視線已經模糊得不行了,懷柔忍不住眨了眨眼,幾滴清淚滑過微涼的臉頰落在了手中的毛毯上,一瞬間又從毯子上滑落,直至落於地面。
懷柔這才注意到從剛剛開始,手裡一直緊緊攥着君屏幽送的那條毛毯,好似還殘留着他的味道,淡淡的卻消失不掉。
那是七年前的一個冬日吧,還記得那天的大雪下得特別大,儘管如此,皇子公主們還是得冒着大雪上御書房唸書,她也不例外。
來天澈已經過了幾個春秋了,她以爲她已經能夠適應這裡冬夏兩極的氣候了,卻不料那一年的冬季特別的寒冷,時常凍得身體發顫,坐在暖爐旁也無濟於事。
正因爲如此,她才無限的惱恨,可以說是嫉妒那個腹黑狂提早半年完成了功課,可以待在府中的暖炕上睡大覺。那個時候,她還不知道他不在府中,因爲天氣實在冷得不行,她每日都是兩點一線的過着,如果可以,她更想不出房間甚至不出被窩就在裡面縮着的,但無奈於那些日子還是得去御書房。所以一到時辰,就趕緊的衝回被窩,即便如此還是凍得連捉弄君屏幽的樂趣都喪失了。
現在想想大約就是那段時間吧,他去了天雪山,一去就是半年。但是那段時間她卻一直在盼着天氣變暖,好容易終於盼到了一日溫度有些許回升,肚子裡的壞蟲開始作怪了,居然一天都木有好好聽課光計劃着待會兒下課怎麼好好捉弄他一番。
但是,後來的事兒卻好像偏離了軌道。她去了他的房間,發現他整個身體都蜷縮在一塊兒,絲毫沒有昔日從容優雅的樣子,或許就是看到那樣的他,她忽然心軟了,沒有出手捉弄他……再後來,發現了黑衣人,陰差陽錯的在暗中救了他。
直到第二日的黎明,她才失魂落魄的回到自己的房中,卻發現牀榻邊多了一條雪貂皮製的毛毯,只是一摸便暖到了心裡,當時怎麼也料到會是他送的,下人說的時候,她還連連搖頭,但是毯子上的味道卻讓她不得不承認。
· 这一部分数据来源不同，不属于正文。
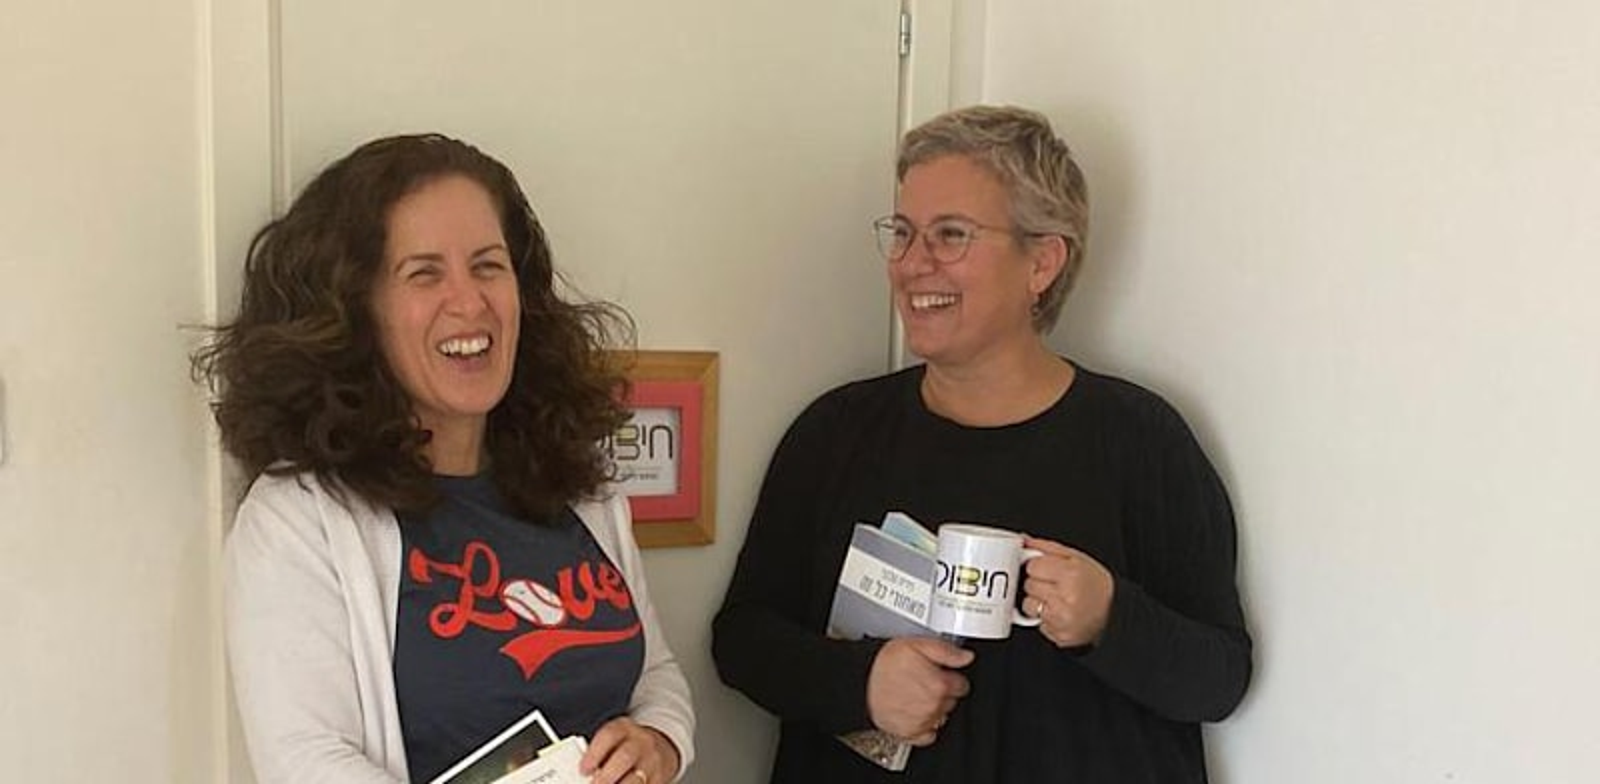 רננה בן־ארי ותמי פישל, בעלות ב''חיBוק'' - עסק חברתי לפעילות לגיל השלישי / צילום: תמונה פרטית

後來才知道,他整整去了半年。只因爲在天澈,雪貂是極爲稀奇的動物,只有在靠近極寒邊帶的天雪山纔有,而且常年神出鬼沒。她不知道他爲了捉雪貂經歷了什麼樣的艱辛,只知道回來時的他虛弱到不行,當時還暗暗嘲諷他居然比她還怕冷,明明在暖炕中居然全身還泛着寒氣,現在想來她真的是蠢到家了,竟然沒想到是寒毒。
神思一旦飄離身體一時竟有些收不回來,只怪回憶太深,深到無法自拔。
懷柔深陷回憶之時,一個涼涼的聲音從前方傳來,“在想什麼?”
只是短短的四個字卻好似有一種魔力,即便身處春日暖陽之中,卻好像被帶進了天雪山飄飄簌簌的大雪之中,有一股無法抗拒的沁入骨髓的冷冽。
懷柔聽到熟悉的聲音立刻擡起頭,就見君屏幽不知何時已經出了暗室,此刻正一動不動的站在她的面前。
依然是如詩似畫的容顏,他的身子就那樣靜靜的站在那裡,不同於之前紫衣瀲華高處雲端,而是就那樣毫無架子甚至卑微的站着。獨獨聲音涼到極致,可見其心冷。
懷柔驚了一下,忍不住微顫,似是回憶起了那年的冬日。
君屏幽忽然笑了,擡步向懷柔走來。
懷柔冷冷的看着他,拿定主意不理他,但又想起之前他對她的好,有些矛盾,想着應該給他一些教訓的,但又不想兩人真的鬧僵從此生分如陌路人,一時間心裡躊躇不斷,尷尬的將毛毯往身側一擲。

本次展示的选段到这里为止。